So what is going to support the front bow part of the tank? when the door are open? sorry I may have misread your post but sounded like those 2 sections will be large higned sections and don't see where the fron tank will be supported by something solid.


----------



## DeDeuce (May 18, 2007)

I'm glad you brought this up, because I could use some advice on this. The top and base panels will be attached to the existing structure and extend out past the front of the cabinet forming overhanging lips. The panels will have the bow cuts just like the door frames. The top panel is what tank will actually sit on. That being said, there will be ~ 5" at the curves apex which will overhang the main structure. As I've right now, I'm not planning on adding any load bearing to support the overhang because the majority of the tank weight will reside over the cabinet. If I need to I can easily incorporate a load bearing beam between the overhang of the top and bottom panels, but I'm thinking it might be overkill. I've over built this thing big time already, I think it would support a school bus so I dont think having the weight distrubted off dead center a bit will be an isuue, but by all means please weigh in.


----------



## Craigthor (Sep 9, 2007)

My concern would be the long term as with no solid support when teh doors are open that would be hte first place likely to fail. Might not seem like much but when you factor in 450-500 lbs full setup that is where the pressure will be headed as it is unsupported. tanks should always be supported well around the entire bottom trim of the tank.

Craig


----------



## Guns286 (Sep 17, 2009)

Sorry to jump in here but maby the answer to my question can help both DeDeuce and me. I'm still in the design process of making a bowfront stand for my 75g and the ideas change as a new ones pop into my head. I, too, am concerned about the load baring ability of the "hang over" section of the top of the stand (6"). My idea is to add a 2"x2", vertically, between the upper and lower "hang overs", at the apex of the curve. I sketched it out on Google Sketchup but I cant import the picture here. The 4 corners and the rear are supported by vertical 2"x4"'s. Like DeDeuce said, I think most of the weight will be supported by the other vertical boards but, just incase, I wanted to add the 2"x2". Do you guys thing it's strong enough to hold the weight, over time? 
By the way DeDeuce, I was stuck on the doors but your idea is perfect. It should look great.


----------



## Hoppy (Dec 24, 2005)

Most glass tanks have a plastic rim around the bottom, that sticks out lower than the glass, so the tank's weight is only on that rim. I don't believe it will work, for that type of tank, to leave the front edge unsupported. If your tank has a flat bottom, as one of mine has, then it might work fine without that front edge supported.

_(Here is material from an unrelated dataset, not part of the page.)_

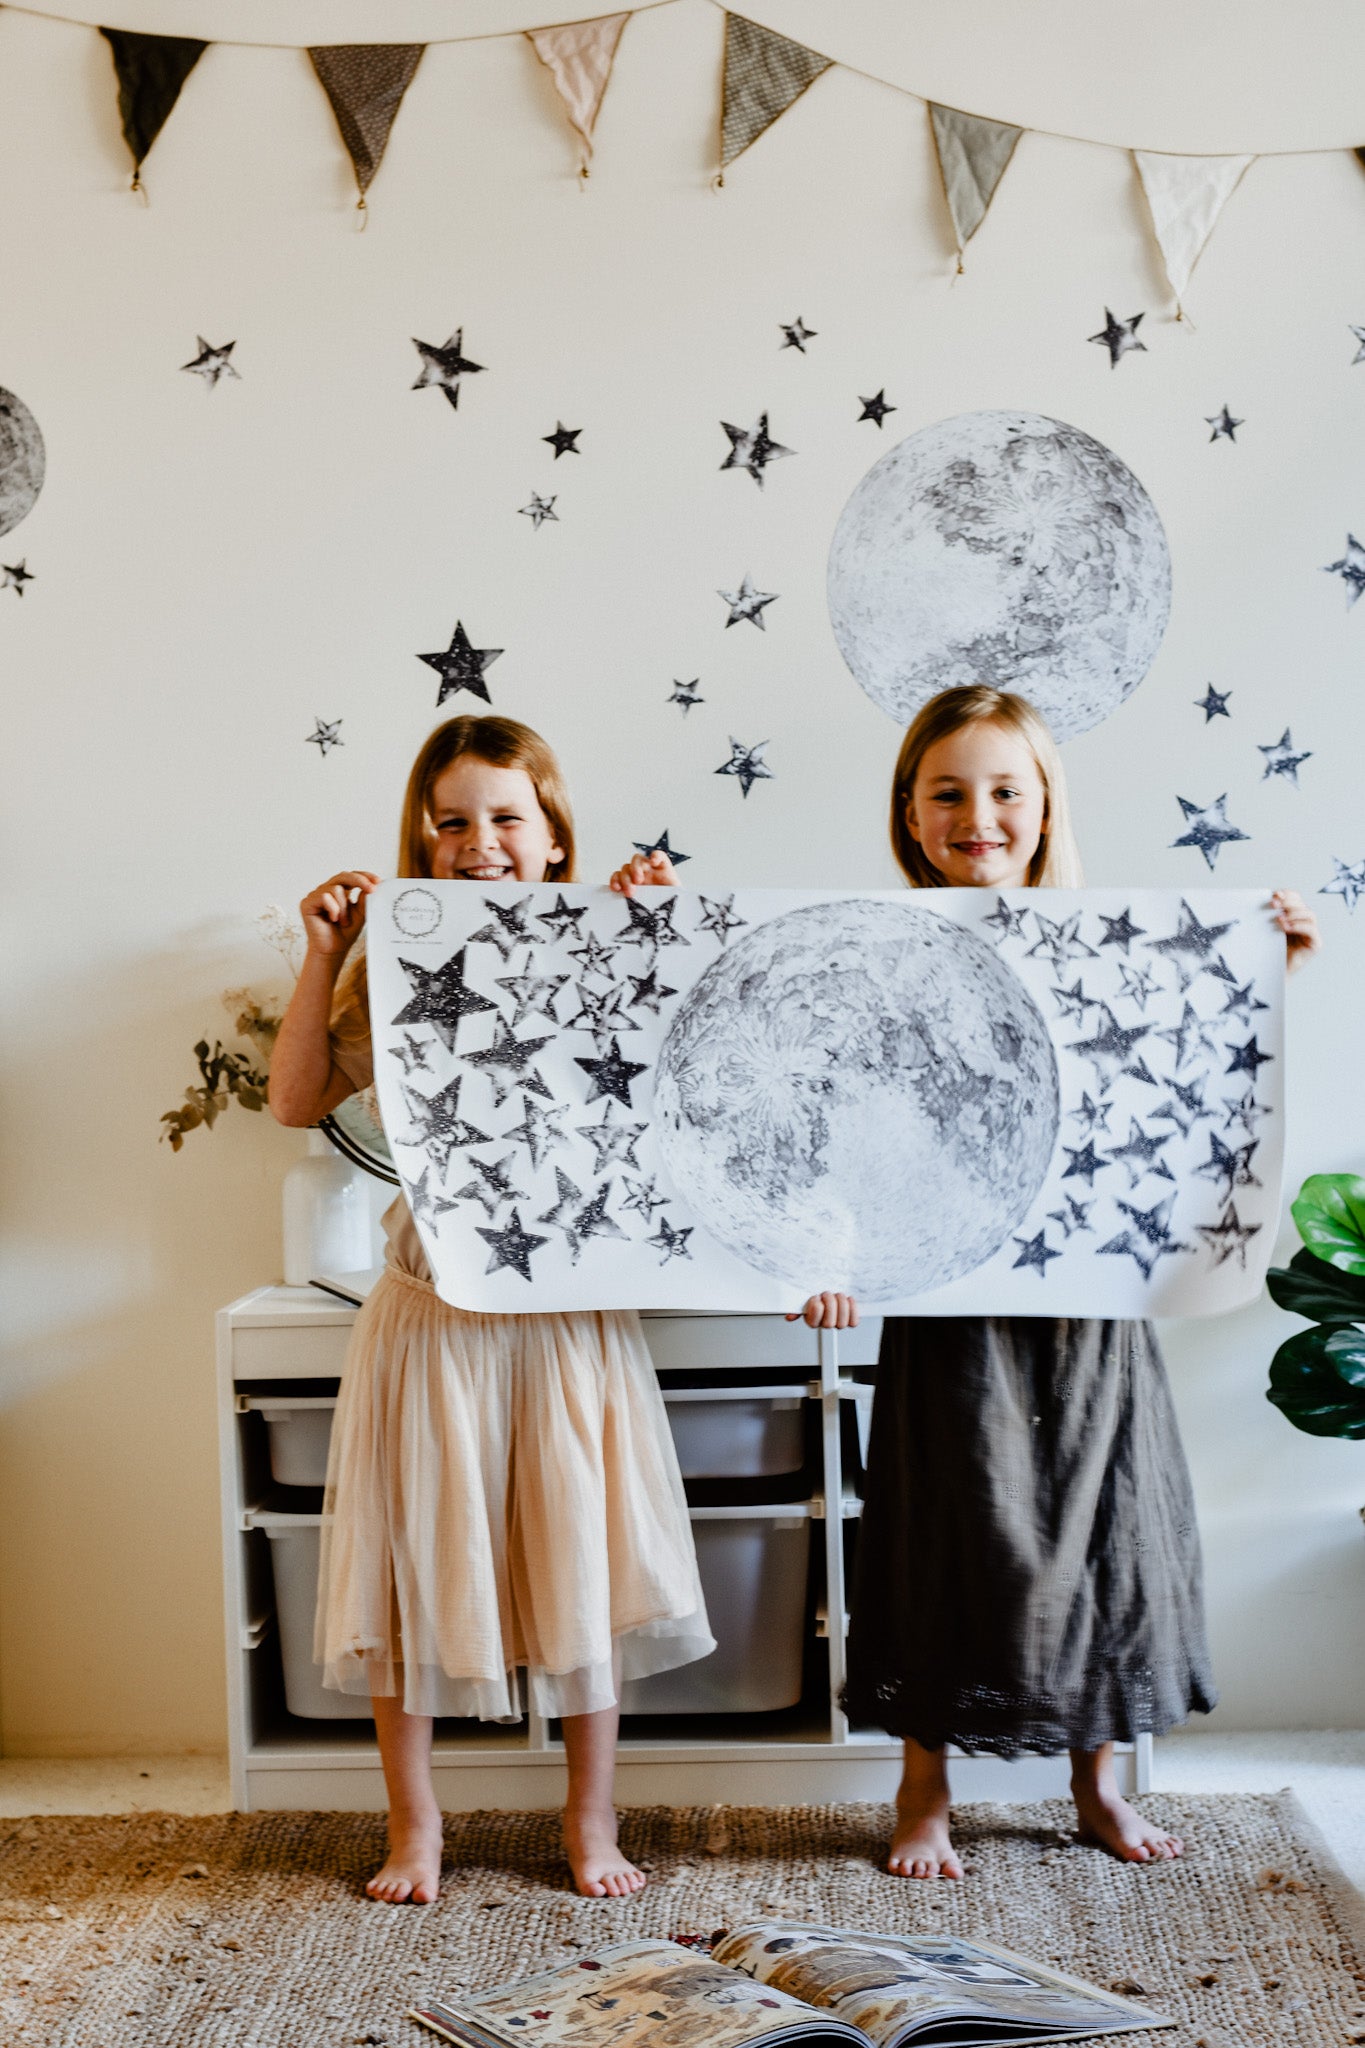 The Moon and Stars Collection - Original & Super Moon - Fabric Wall Decals

The 2 x 2 vertical support between the top and bottom plates should work too, but the sketch doesn't show there being a full support plate under the tank, so it wouldn't work for that design.


----------



## catchandrelease (Feb 12, 2010)

I would say your only option is a minimum 3/4" plywood, with the alternating grain patterns that will provide to most strength, the main thing you must think is that wood flexes, glass doesnt. 
I would say you need support under the overhang, i would receed the support the thickness of the cabinet doors so you cannot see it unless the doors are open. I would personally also double up the plywood top to ensure no chance of flexing, glue the two sheets together and screw them with 1 1/4" screws a 6" on center. Then youll have no flex (no cracking glass).


----------



## JasonC (Apr 16, 2009)

I dont know guys... He has basically designed a cantilever. Cantilevers are extremely strong when built right (see:Falling Water). For a 6" overhang, I think that this could work IF the back side of the top plate is *firmly* attached to the frame... glue and screws are a definite. I also seriously agree with C&R's suggestion of double layering ply.

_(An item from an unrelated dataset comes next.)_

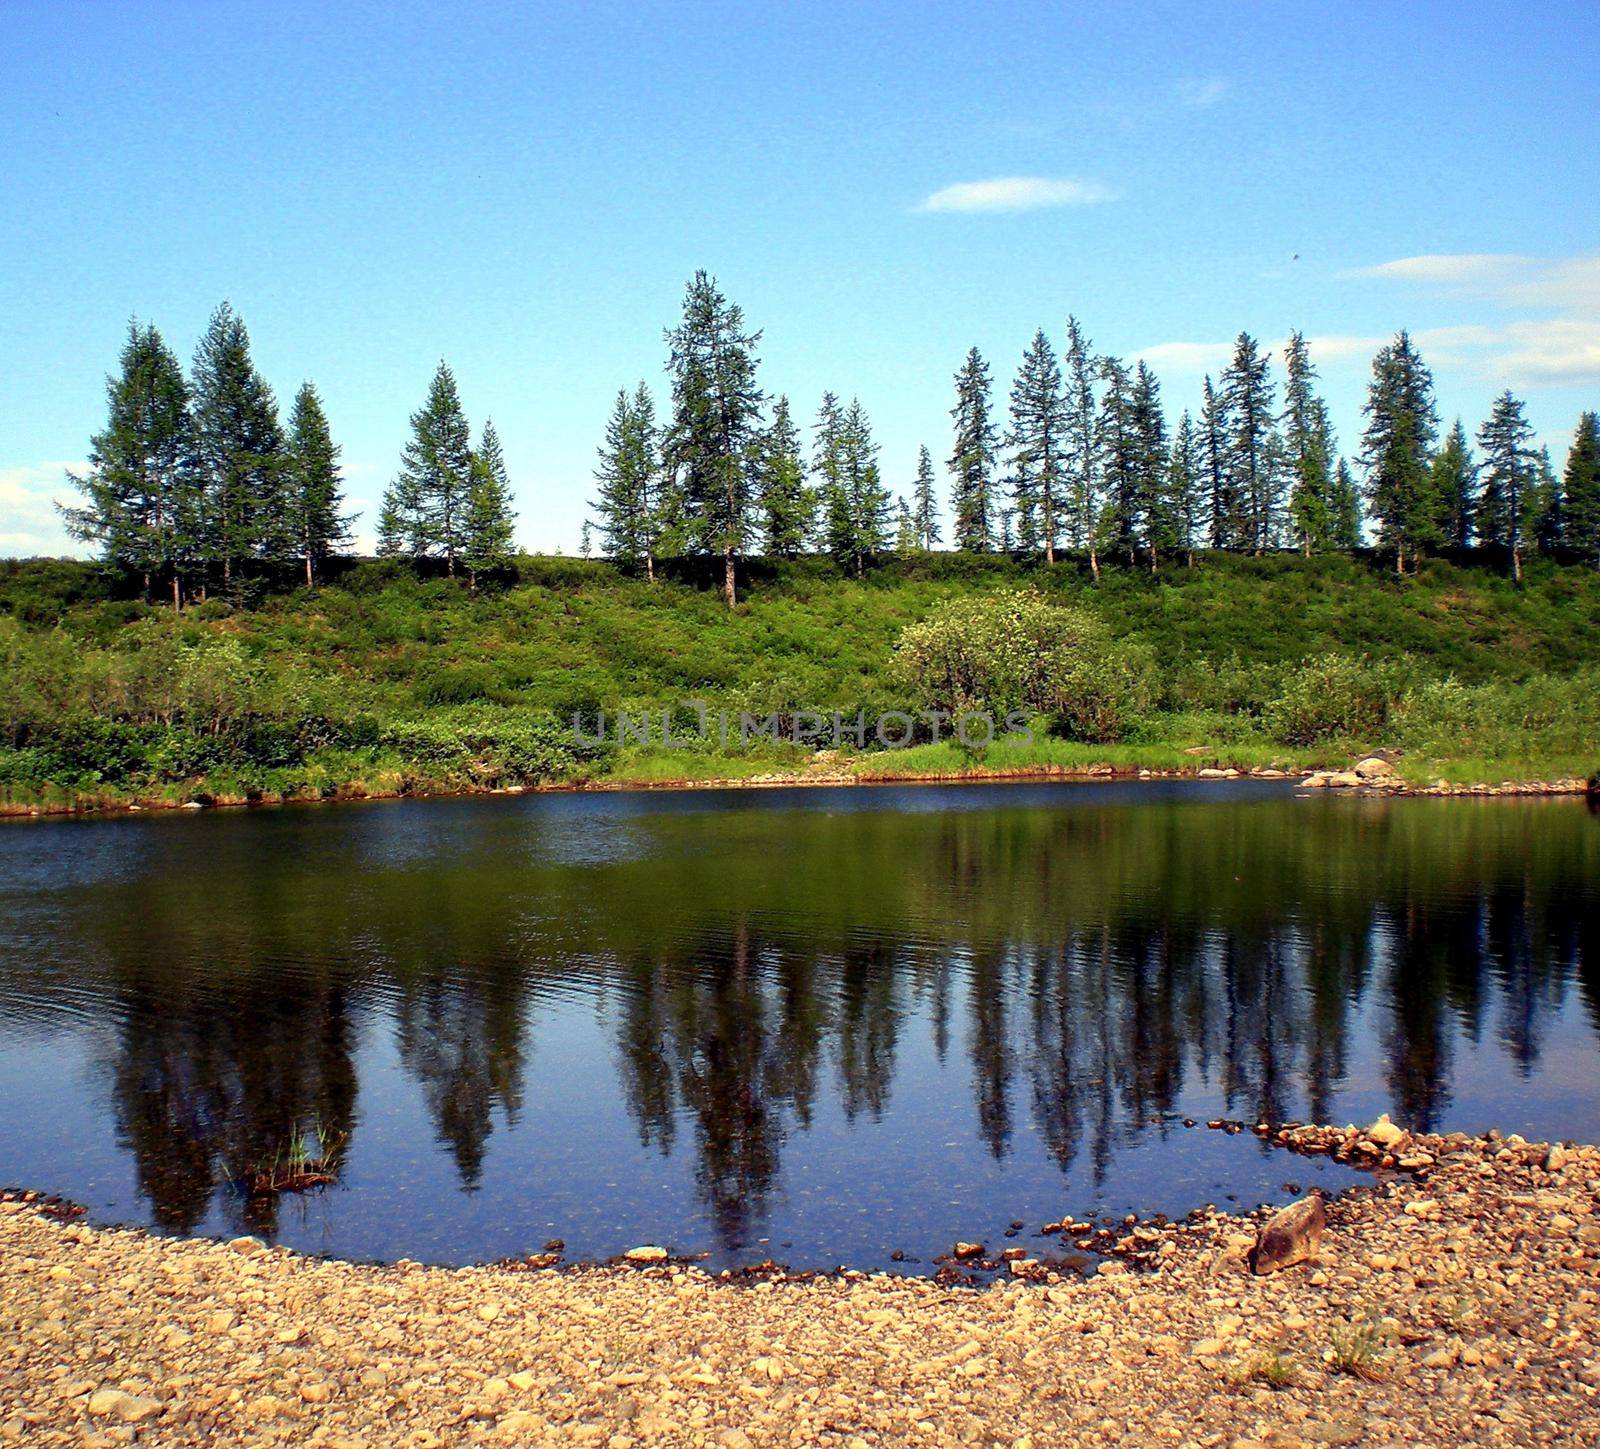 River in taiga in northern Russia. The nature of the taiga in a mountainous area. by DePo

But caveat empateaur as I am not an engineer... just someone who has built several structures w/ cantelevers that I felt wholly comfortable putting multiple people on.


----------



## DeDeuce (May 18, 2007)

*update*

Haven't gotten much done in awhile.. Here is a pic with the top/bottom panels in place but not currently not attached.. I'll be working out of state for the next couple of weeks so there won't be much progress for a bit.Next will be the door frames and the canopy. I'm going to take the advice of the many and add the support for the overhang.

Cheers,

Don C.


----------



## Hoppy (Dec 24, 2005)

I'm glad you decided to support the cantilevered top. I think the biggest problem would be, and might still be, that the doors will be jammed shut. Everything that supports a load deflects proportional to that load, except pre-stressed members, which don't deflect until the load exceeds the pre-stressing. I think what would happen is that the load would be carried by the doors, because the tank would very slightly bend down where it is unsupported - even glass will bend. That would tend to jam the doors. It doesn't take much deflection to do that. Then, you force the doors open, leave them open for an hour or so doing maintenance, and the doors won't shut again.


----------



## cookingnerd607 (Jun 8, 2004)

I second using two layers of plywood. If you wanted to get real crazy Dado slots on both piece and put some 3/8" flat stock (vertically of course) into the dados. But IMO thats overkill.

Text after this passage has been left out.